I think we sometimes forget to stop and smell the food, at least I do. I look forward so much to the end result, that plate on my lap, that I forget to savour and experience other moments. Moments like the chopping of the parsley, the butter melting on the corn-on-the-cob, loaded with cracked black pepper too. There’s even that “Ahh” smell as the plate is under my nose and I’m seconds away from digging in. We stop and smell the roses, but do you stop to smell the food?

6 Comments

  1. I’m not sure if it’s my favourite food smell but its certainly my favourite smell memory, It is Sunday evenings with my Dad making what seemed to me as a child to be hundreds on pancakes for our tea and a big pot of tea keeping warm in from of the fire before the feast with all the butter and sugar started, this memory is so clear that I can even hear the tune for Murder She Wrote in the background!!!
    I love smelling my food, Its very important, my friends think I’m weird, I’ll pile the perfect amount of everything onto my fork and before I taste I’ll take a little smell and nod in satisfaction. I think at this stage it is habit and second nature to me but I knowingly smell everything before I taste it, even the everyday things like tea, cereal, sandwiches… I think I am a bit weird!!!

  2. Niamh, I’m with you. I’m a “nose”, I smell everything, I taste food first with it. I always attract a few weird looks when I go shopping because I smell the food before I buy it, and it doesn’t stop at fruits: bread, meat, fish, cheese, you name it. I smell my plate before eating it, whether at home or out. I’m blessed, or cursed depending on what the smells are, with a nose that can detect the faintest of scent.

    My mum was a dreadful cook, my memories of food as a child has to go to my grandmother’s kitchen and find a sun – ripen tomato drenched in olive oil. It’s when I learned to cook myself that I started to enjoy food, and my favorite smell of all is of bread baking. Oh, the smell of bread as I passed by the “boulangerie” in my years in Paris! Give me a freshly baked loaf any time over a cream cake!

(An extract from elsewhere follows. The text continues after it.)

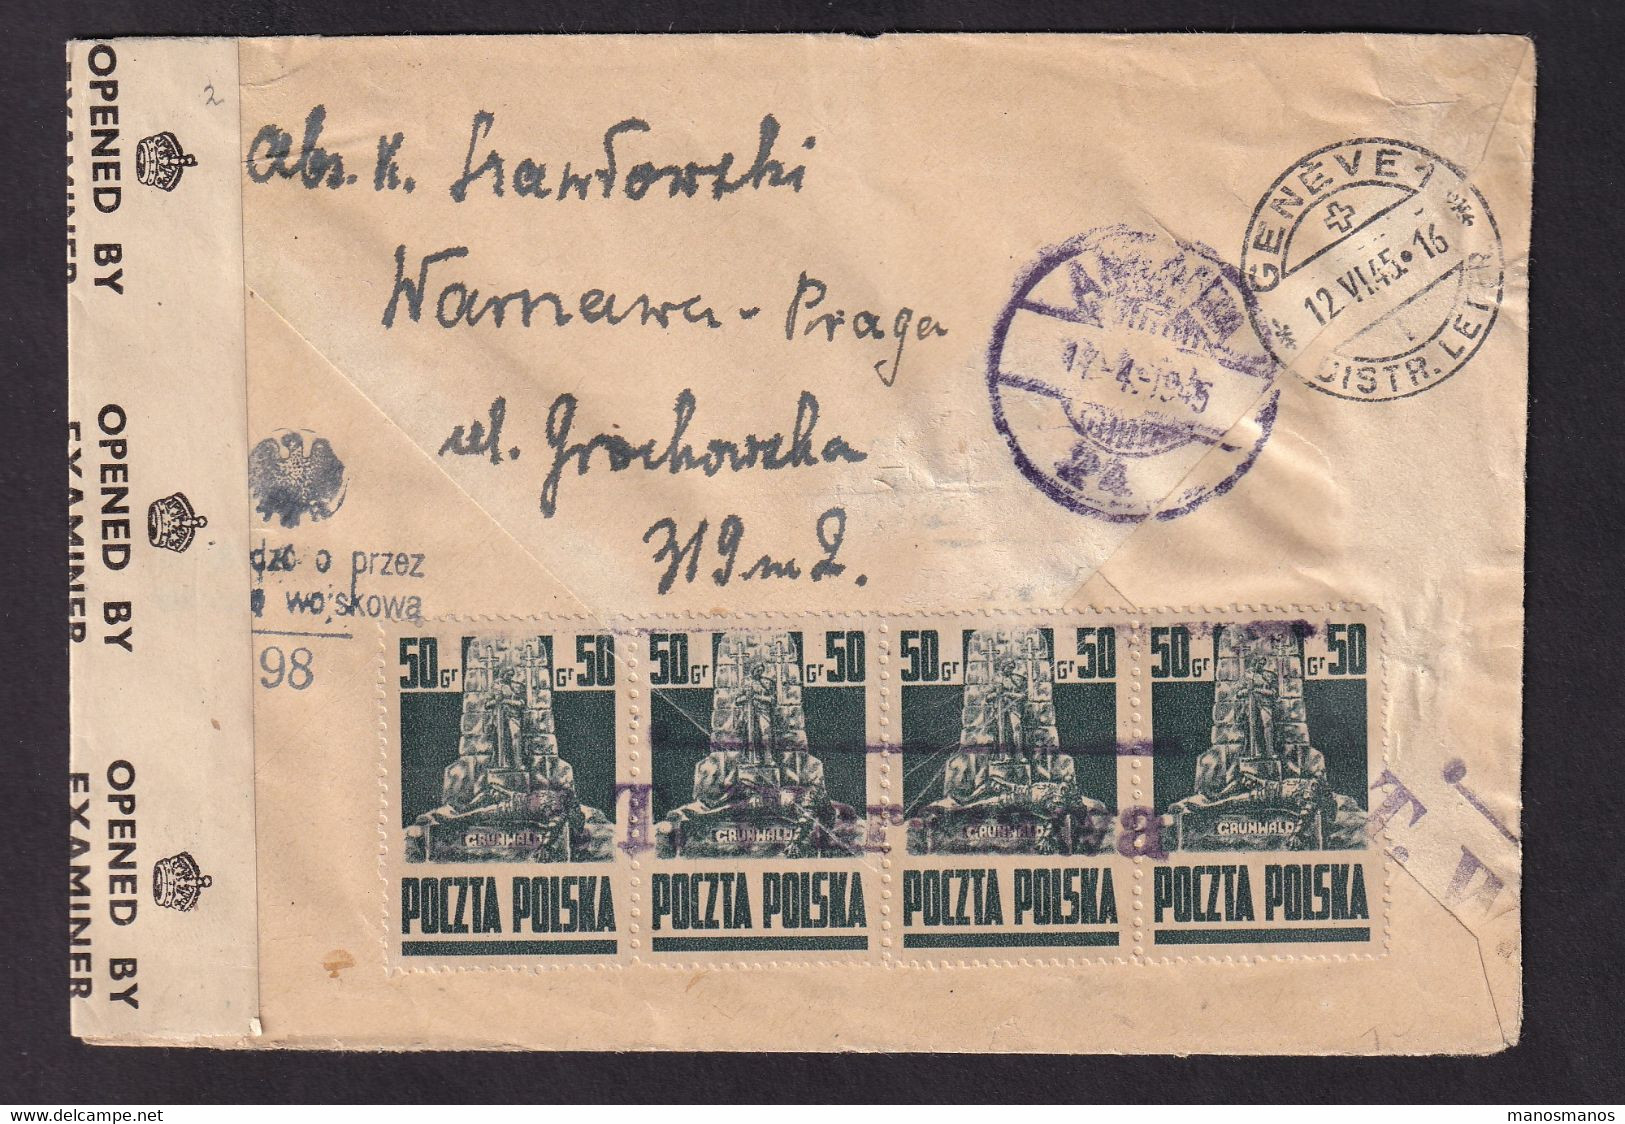 DDBB 633 - Enveloppe Recommandée WARSZAWA 1945 Vers Croix Rouge De GENEVE Suisse Via ANKARA - Censures Pologne Et UK - Verschlussmarken Der Befreiung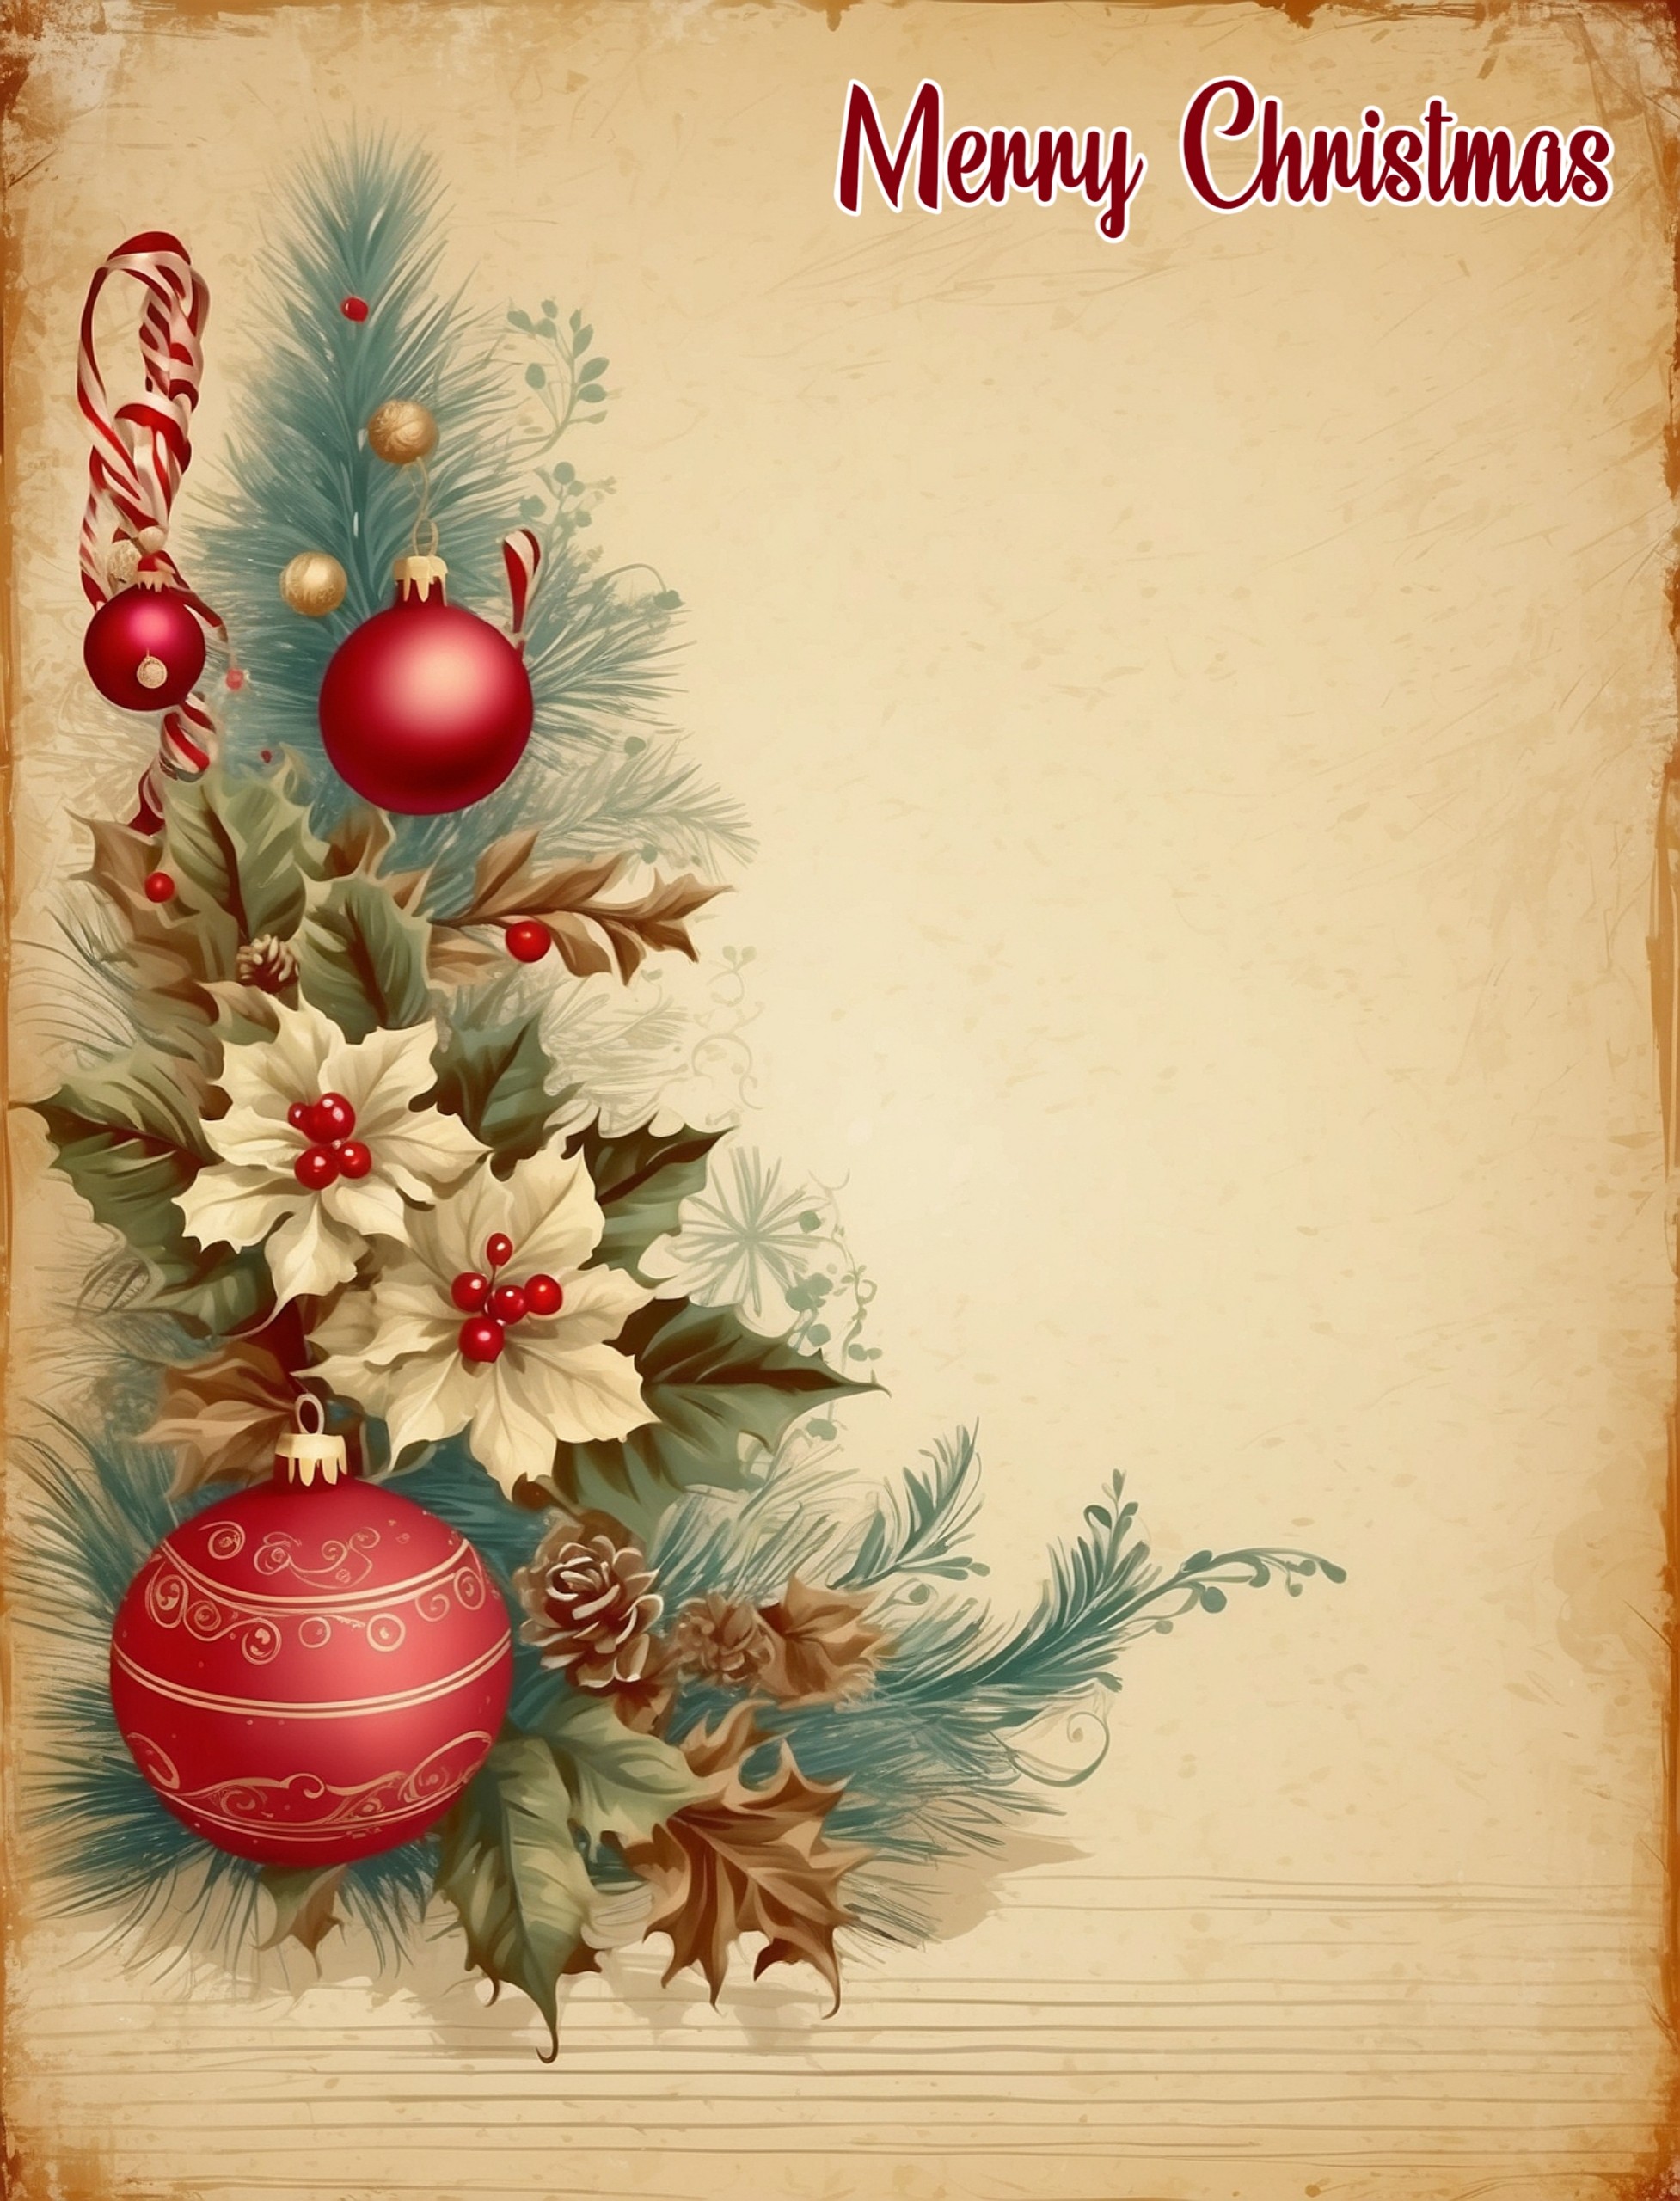 Christmas Background Vintage Image

  3. As for the last meal, not being under pressure of health conscious choices or worries about digestion and so on, I’d really blow it: oysters to start with, with an indecent amount of fresh bread and butter, followed by roasted turbot with garlic butter (loads of), with asparagus and young broad beans, cheeeeeeeeeeses with more bread, a mango sorbet for pudding and a box of chocolates from Cocoa Atelier. With a glass of Puligny-Montrachet, thank you

  4. The best smells are frying rashers, frying garlic and/or onions, chopping herbs like thyme and rosemary, grinding toasted spices like cumin and corriander, baking raisin bread with cinnamon, cloves and allspice, mulled wine, lemon zest… too many more to name!

  5. Great article! I love the smell of the brown paper bag when you’re walking home from the chipper, the end of it all soggy with malt vinegar and chip fat. Always reminds me of growing up when, for a treat, my mum would send me and my sister to the chipper while she fried eggs and heated up baked beans. The smell of garlic never fails to get my mouth watering. And any sort of baking. Man, I am SO hungry now.

  6. I love how everyone so far has had a real personal affinity with smell and food on some level.

    Nanazolie you certainly know how to go out with a bang 😉 Rebecca, Méabh, I’m very much with you on the garlic front. The smell of the freshly peeled cloves, or the leaves in the garden, and nearly the best one, frying, is just so mouth watering. It never fails to prep me for a big feed.

    Niamh, I think you’re very right to smell your food. It is one sense we forget to indulge ourselves in. We pleasure our sense of taste by eating, hearing by good tunes and sight by enjoying films. But smell… well there really is a whole world to be explored, I really do believe it!